Exercise details | Could you write out the listing below exactly as it stands, leaving out the pictures?

[Supplied data Boundary: Start]

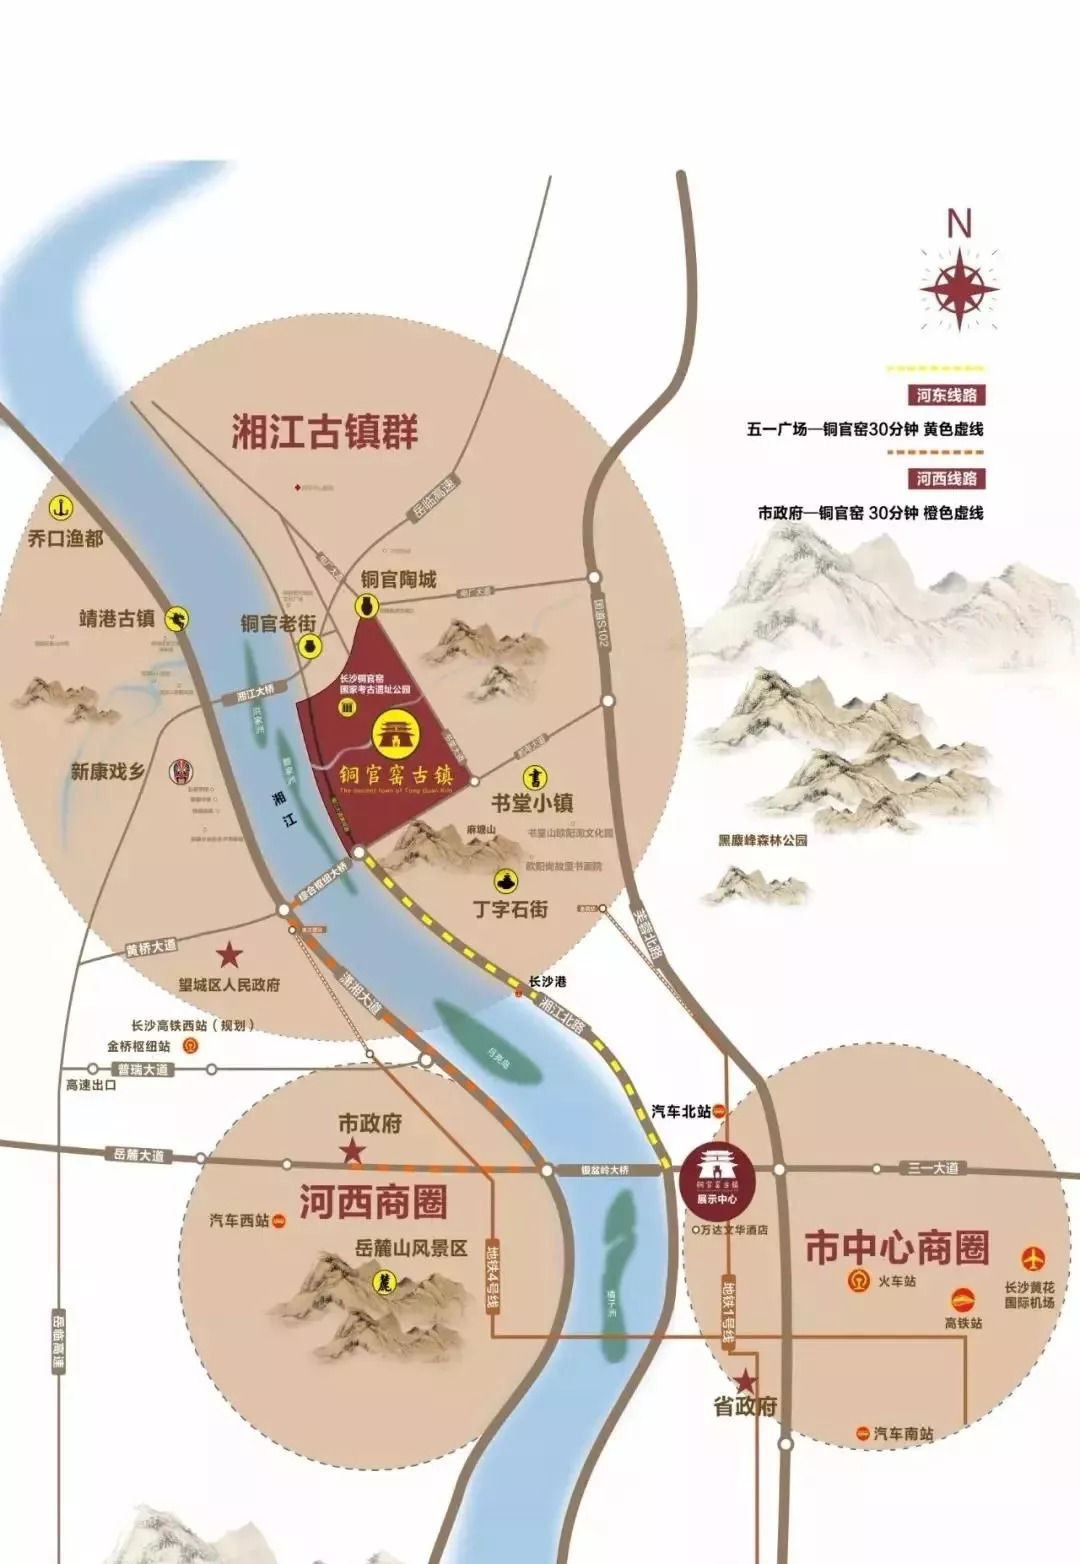 铜官窑地图图片
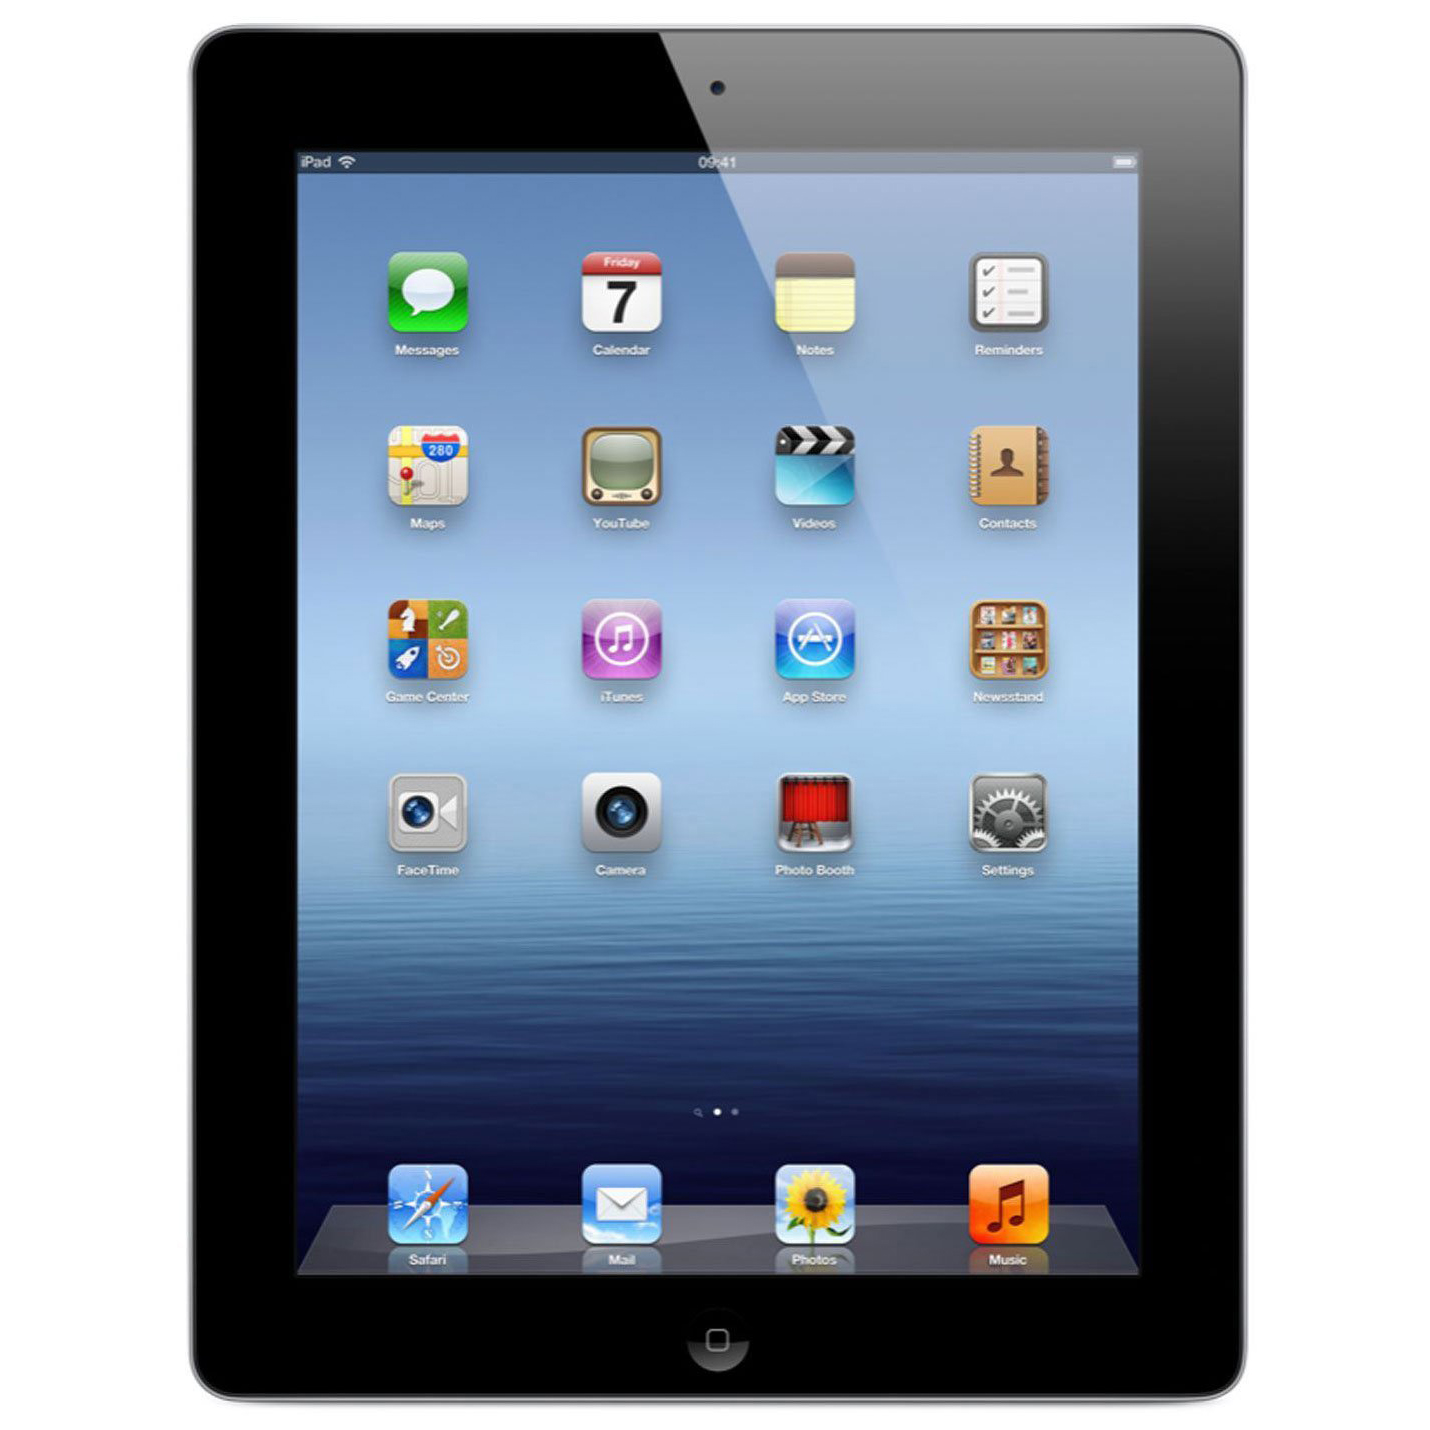 Restored Apple iPad 3 9.7" 16GB WiFi Tablet Dual Core A5X Processor 1GB RAM Black (Refurbished) - image 1 of 3
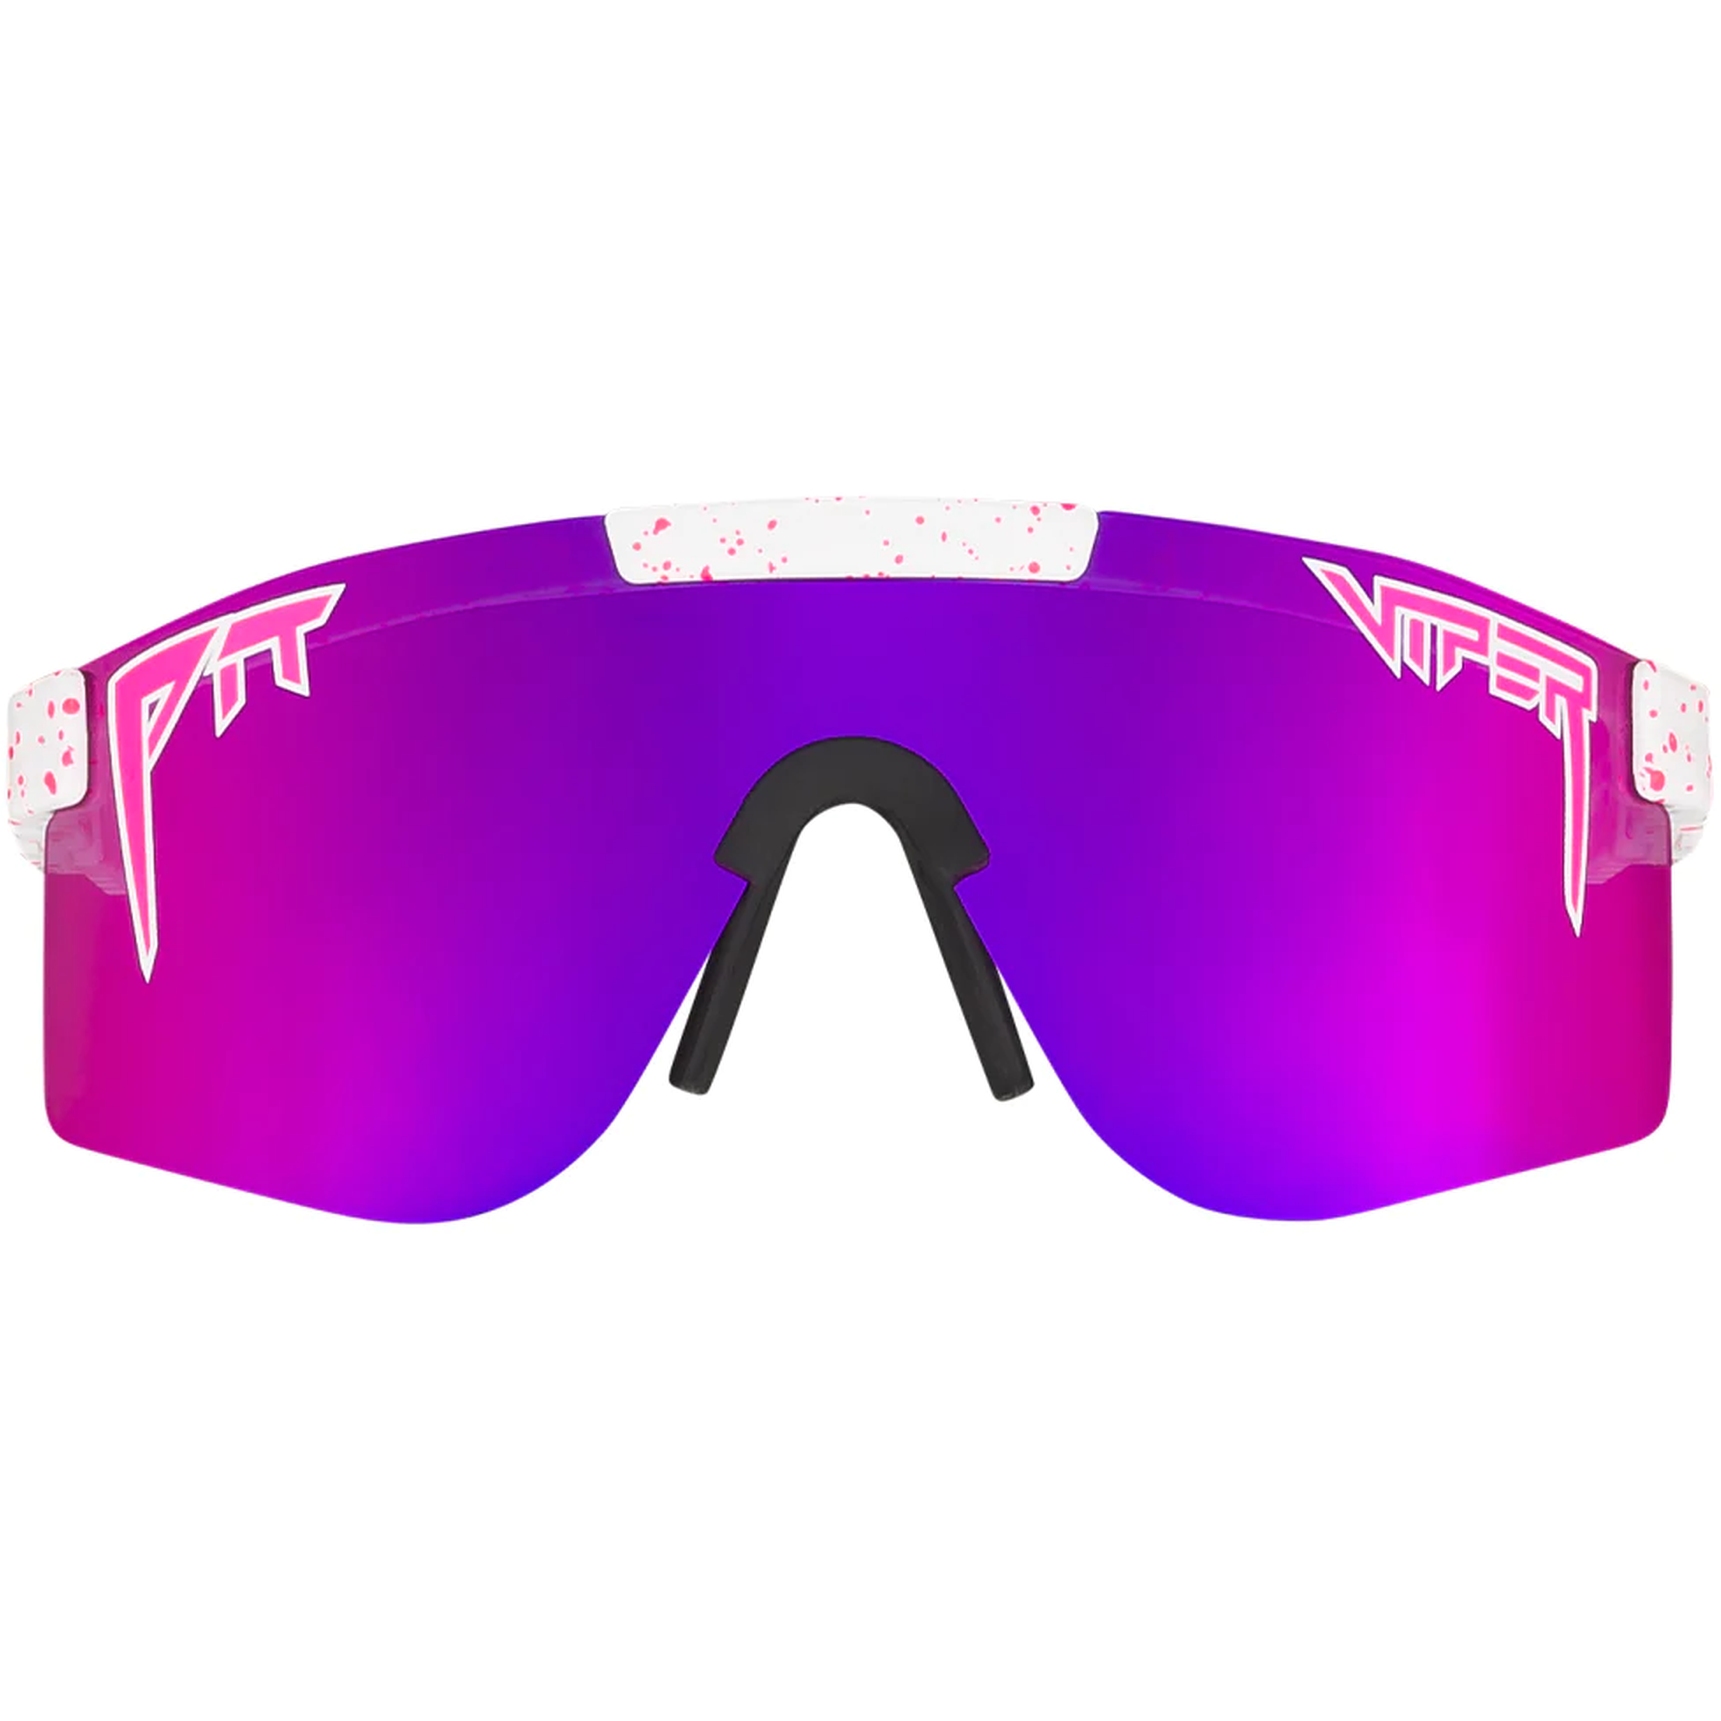 Produktbild von Pit Viper The Originals Brille - Double Wide - The LA Brights / Polarized Pink Revo Mirror

[Supplied data Boundary: End]

Solution to this problem |
 铜官窑地图图片
 Restored Apple iPad 3 9.7" 16GB WiFi Tablet Dual Core A5X Processor 1GB RAM Black (Refurbished) - image 1 of 3
 Produktbild von Pit Viper The Originals Brille - Double Wide - The LA Brights / Polarized Pink Revo Mirror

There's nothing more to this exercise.